Ximin Luo Sat, 15 Aug 2009 11:50:52 +0100

Matthew Toseland wrote:
> 7f356226e4a0a175fcf5ccb16f36059327f352b6
> 
> MapCollectionTranslator assumes backing is what later becomes a SortedMapSet 
> - a map of elements each to itself. should maybe be private?


uh, don't see the need... it's a static method, you pass it arguments and it
holds no state?

> 570872c82603d75e1922d061c51fd77f0d8d7183
> 
> CAPITALS should really only be used for constants (this commit is gone but 
> other places do this).

ah, ok.. they are constant for the instance, but i see what you mean... i'll
start avoiding this. but it shouldn't be confusing, object.CONST is obviously
different from Class.CONST..

> bd50ba2b048e153d34893dc0384a1b63d41ee6a8
> 
> is this wise? it will be different for every SSK under the same routing key, 
> as the routingkey is constructed from the pubkey hash and e(h(docname)) ... 
> otoh it will work for KSKs, unlike the old code.

will have to see how in performs... the whole discussion we had before about
this is pasted into todo.txt.

> 740498979f511e4aafd710a448dae20586336304
> 
> containsValue() broken - the value will not equal the SkeletonValue.

ah yes, i'll fix it.

> 74603b79fbce24725751cdfbfe7bcd15df704213
> 
> TermPageEntry: will the title be used? It says "here for back compatibility"??

yes, URIWrapper had it. the original plan was to store such data in the URI
table, in a URIEntry, but we haven't thought it out fully yet.

> bcb80c457089f2114c0b31e85127c0b379786533
> 
> Breadth-first parallel inflate: this will likely make a lot of threads!

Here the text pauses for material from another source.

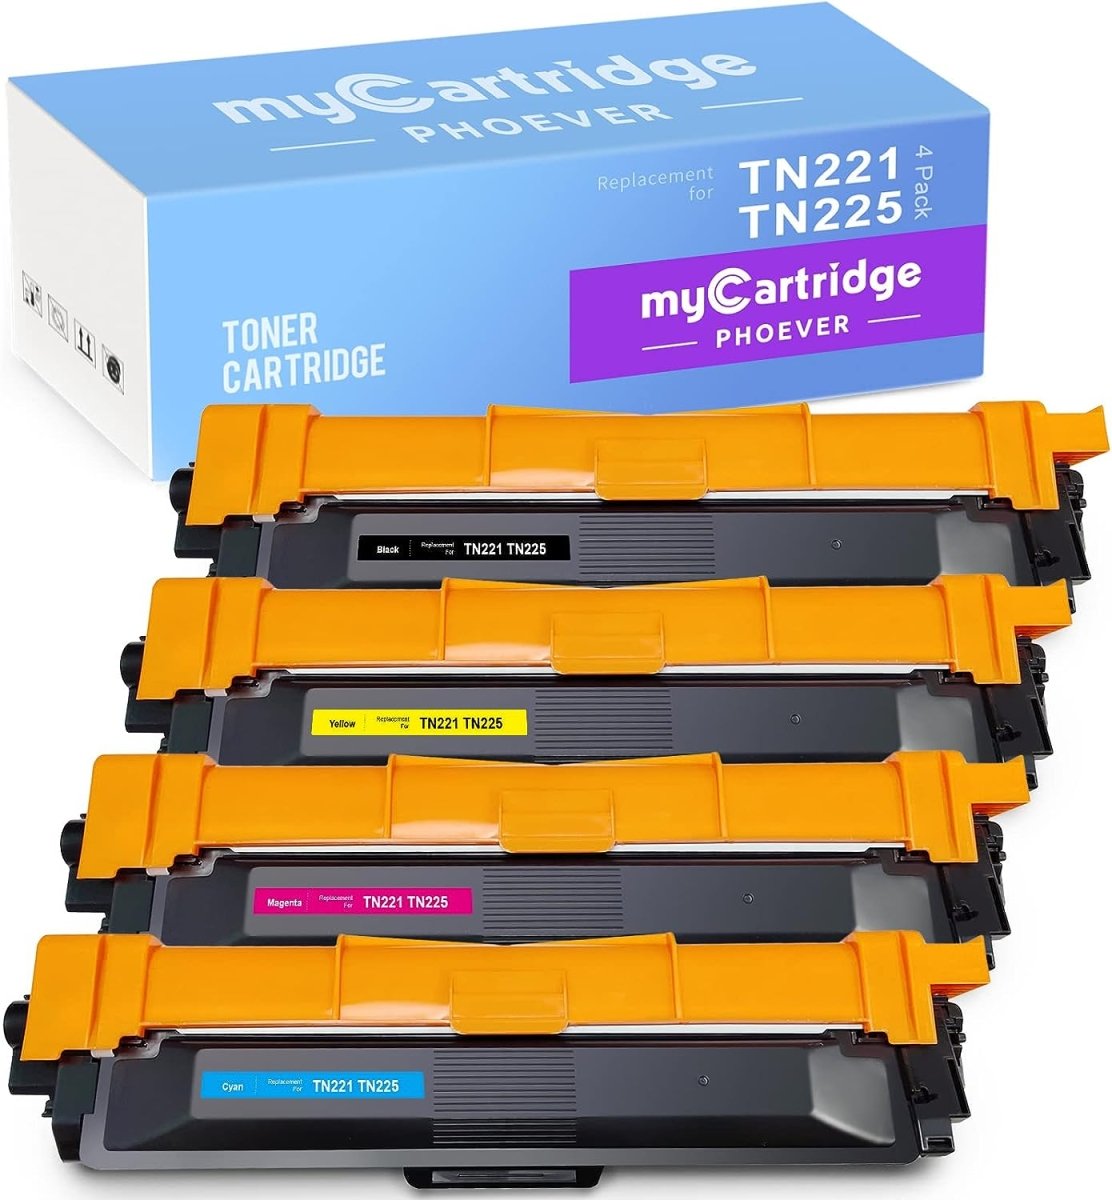 TN-225 Toner Cartridge Compatible with Brother Printer(Black, Cyan, Magenta, Yellow) 4-PK - Linford Office:Printer Ink & Toner Cartridge

I 
> think this may have been made pooled later?

yes.

> Also you need to use NativeThread's to set priority class, which means you 
> probably need to use the node's executor (to increase priority)... we can 
> deal with this later if need be.

uh... i don't entirely understand, will ask in channel.

> 4000b1b88d14c1eda47e18fc45283c3d9a561a52
> 
> ThreadPoolExecutor may be a problem because of NativeThread, not an 
> immediately urgent issue though. We could use a ThreadFactory to solve this.


> 9a1855c7ba183a38ccd19f273a4fdb32edff7a83
> 
> Can we be certain that a freenet index can never cause us to search a file 
> index?

Are you talking about searchboxes embedded into a freesite? (If not, please
elaborate.) Securing that would be the Library's job. I suggest having two
Map<FreenetURI, Index> and Map<File, Index> rather than the Map<String, Index>
we have now..

> 5394f13e60ca206370aeba722db261a897436fb2
> 
> FreenetArchiver.pushLive():
> note that the bucket will in some cases be limited to expected_bytes, so you 
> should pass in a big number if you are not sure!

Really? I thought TemporaryBuckets expanded themselves as necessary? I gave it
an expansion factor of 2...

> b880788bbe1f6966c0d887d369bfc840d602c39a
> 
> Library: singletons: seems to make sense, what about a high level regression 
> test using multiple nodes and a Library plugin on each? Maybe far fetched... 
> I have heard you can do this with classloader tricks, maybe that's better... 
> Not a problem if these objects are reusable and don't have any significant 
> state...?

hmm, i would have thought you'd be running those nodes in separate java 
processes?

> b5a597cfd57dbbb1eebf1eefebc5fac4cafc8cbf
> 
> ProtoIndexSerialiser:
> Can we be sure here that we never leave the insert ID in the metadata and it 
> get serialised? It should be external, no? Or at least, it should be turned 
> from an insert uri into a request uri?

the metadata is only used here to determine the insert address, and is actually
discarded along with the task after it's done. i'll make a note of this in the
javadoc for the Translator, though.

> 8702a6745fee793fe77af537b7c347adadcd2fc0
> 
> FreenetArchiver:
> Fetch can go over 100% on newly inserted data??? If so this is a bug, but it 
> is prudent to detect and handle it. Certainly it can on old data.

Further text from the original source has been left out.